Would such a shift happen, most of the North African Arab states, which now carefully balance between the Turkish-Qatari and the Emirati-Saudi-Egyptian axises would lose a counterweight and the Emirates could gain even more influence over the region. An ambitious idea indeed, much characteristic of Muḥammad ibn Zāyid. Not to mention that in this way the Emirates could finally defeat a very resilient economic competitor, and could derail outer investments from China to revitalize its economy.
Will it happen?
It should be pointed out that so far all estimations about Qatar has failed, and it should way bigger resilience than anyone could anticipate. The change in 2013 should have weakened it, but after a brief reassessment Qatar came back to be just as influential. Which triggered the blockade in 2017, but it managed to ditch from a possible military invasion, and survived the economic blockade. So much so that by now it has became a liability for the Gulf policies, only inviting more Turkish and Iranian involvement, and sabotaged the very GCC, which was envisioned to be the future of the Gulf.
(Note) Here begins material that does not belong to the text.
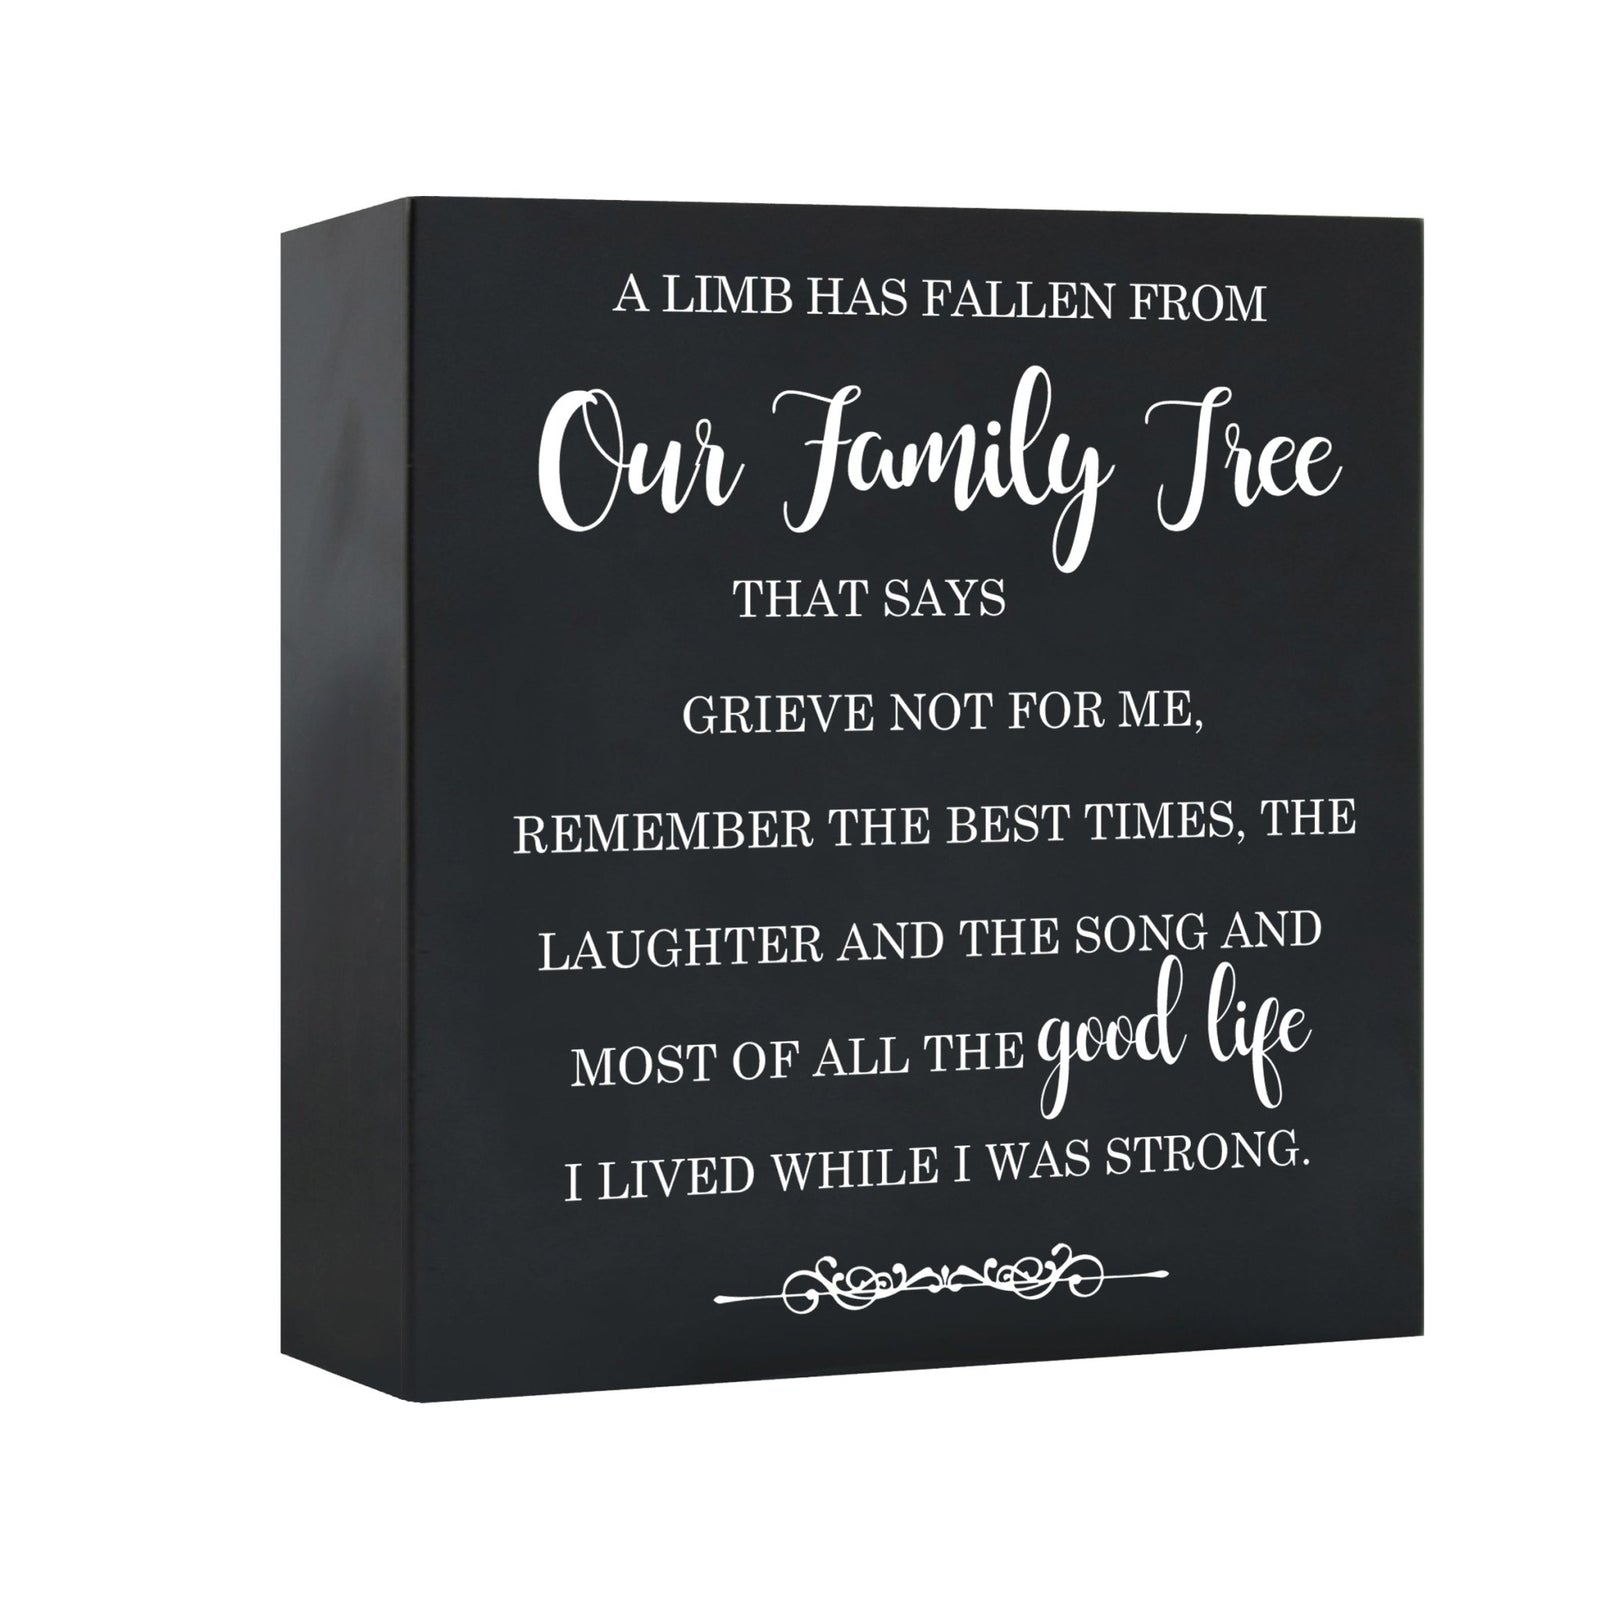 Memorial Keepsake Wooden Cremation Shadow Box and Urn 10x10in Holds 189 Cu Inches Of Human Ashes A Limb Has Fallen - LifeSong Milestones

Therefore a power struggle will likely to continue until a change happen in the Qatari leadership, which is now defending its interests, so simple policy change is unlikely; or a change happens in Emirati policy favoring a settlement. Once again unlikely. Therefore further attempt are likely to occur.
So far Qatar managed to evade the attempts for subjugation, but its luck might just be running out. Inner cracks demanding a change in policy started to manifest, and sooner than at the other side. The closeness to Turkey and Iran has a toll on the political stability, while the Emirates managed to reposition itself. Qatar doesn’t have strong allies in the Arab world anymore and its role is shrinking. The same shift of influence happens now with the Israeli folder, where once Qatar had a clear edge, further stressing that something new has to be pulled. Either with this leadership, or another. But once again, Qatar managed to surprise everyone in a number of occasions. So they might already have a plan in motion.